I’ve realized that the way I approach life is pretty much how I would carry myself when I’m at a buffet. I could be wrong about this, but it kind of feels right.

First off, I just love a good buffet. The variety of choices, the sensory overload and just the thought of all that food gets me excited in ways that most people would find weird. You would think I would indulge and stuff myself silly (I would if I could, actually), but surprisingly, that’s just not the case.

At first I thought it was because I didn’t have a good “battle” plan. I thought maybe I should eat the light stuff first before going for the main dishes (which will backfire if you start with the salads, because all that fiber will make you feel full faster), or maybe that I should try all the desserts first (this tactic won’t make you full, but the sugar crash-and-burn effect later is so not worth it).
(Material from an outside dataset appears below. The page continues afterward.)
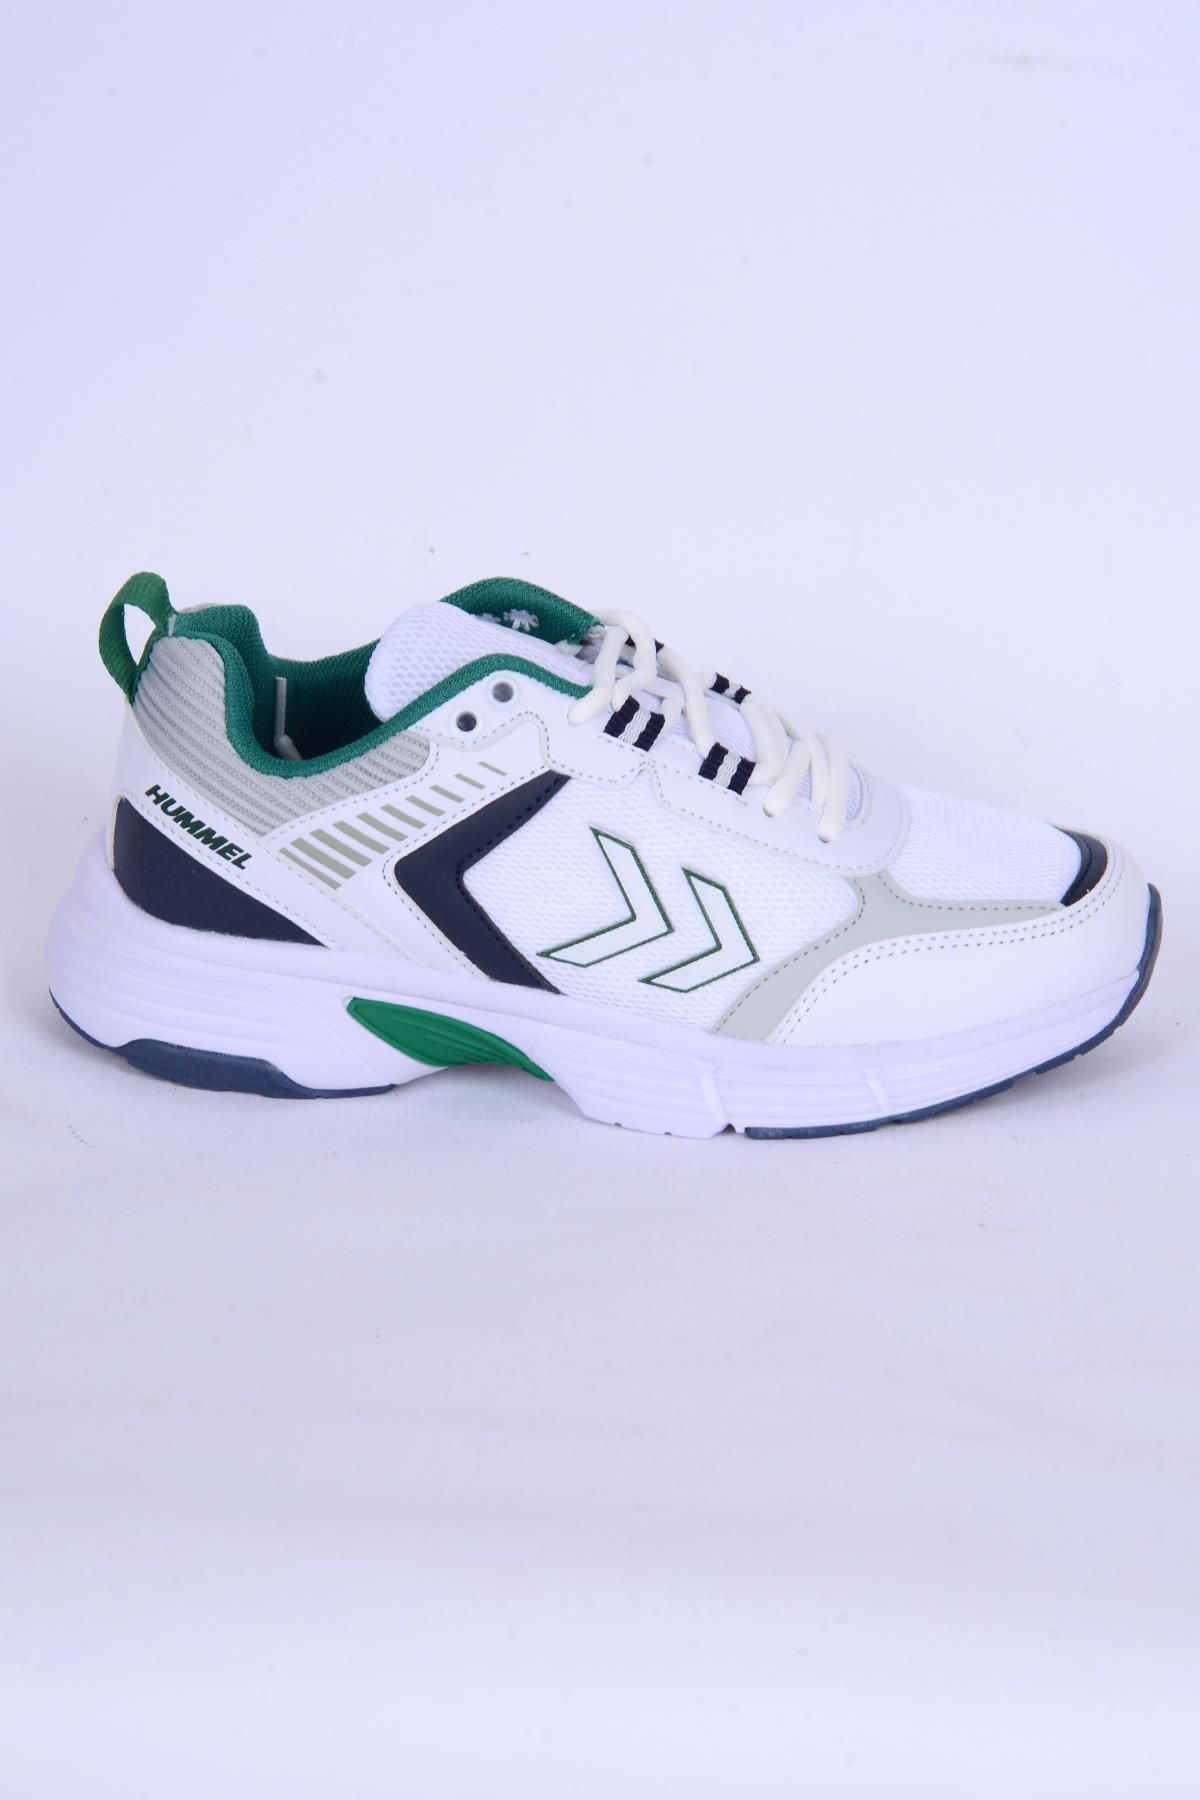 hummel 900362-9208 Hml Pera Beyaz-yeşil Kadın Spor Ayakkabı

I keep looking at all these foods and end up stumped because everything becomes overwhelming. I never zero in on anything (except maybe steamed dimsum. You can’t go wrong with dimsum.). But I am excited by all the possibilities.

So what ends up happening? I get a little bit of everything. I try my darnedest to taste test everything unfamiliar. I rationalize that even if I didn’t eat the buffet’s worth in quantity, I did get to taste a week’s menu of this and that. Both my mind and my tummy end up feeling equally full. I got my mental satisfaction, which to me, makes the trip more worth it than anything. It’s a new experience of sorts. To now have the authority to have an opinion on that-which-was-not-tasted-ever-before.

Applied to life, I think I am the same way. I enjoy doing different things, changing it up every so often. But doing and learning are different. I can keep doing things, but not really learn from them (like how to stop mourning over failed friendships that are supposedly not worth it). or I can go through the whole alien process of discovery and add a new talent, skill, knowledge or trivia under my belt. I hate to say it, but it’s always important to learn something new. Even if that something new proves to be worthless info to you.

I used to think I was a creature of habit. That I can wake up, go to work, go home, curl up in my cozy bed with a good read and be thankful for another uneventful day. But I was wrong. It is nice to have someone to reach out to out of the blue to meet up after work. It is fun to get a little bit lost and try a new route going home every once in a while. It is fun to have other options of things to do. Even if you never end up doing them...

If I would be asked if I liked meeting new people, I think I would hesitate before eventually answering yes. Because yes sounds like the right answer. But is it my real answer? I’m not really sure. Because when you meet someone new, that person could be a potential friend or a potential hurt waiting to happen. But I’ve also learned that it always pays to see it through. To not deny cultivating relationships out of fear.

Some people approach a buffet and will make a beeline for their favorite dish and be perfectly happy just eating that. I admire these folks. They know that it doesn’t take much decision-making for them to be happy and they stick to that. They keep their life simple. They won’t feel like they could’ve tried more, eaten more or less than what they had. Simple can be boring, but it can be safe too. And feeling safe is hard to achieve, I think.

Some people will try to eat as much as they can, take in everything, regardless what their tummy says. They are admirable in a sense that they are making the most out of the experience. They are living it up in that short span of time that it takes to enjoy a full meal. But I could never do that. I’d feel like crap afterwards and all it takes is a quick trip back to that memory lane I like to call "Episodes in the Boulevard of Traumatic Overeating"and that’s enough to stop me from making another round. These people, I can imagine, go through life just doing everything and anything, even if it changes them, hardens them or even worse, destroys their inner core. These are those who have definitely been there and done that, But I don’t feel the need to go to that extreme. I will push my limits, but I refuse to stand at its edge.

So there, maybe Life isn't exactly like a buffet. But sometimes it is. You just watch and learn from it (if you can find the time to stop eating).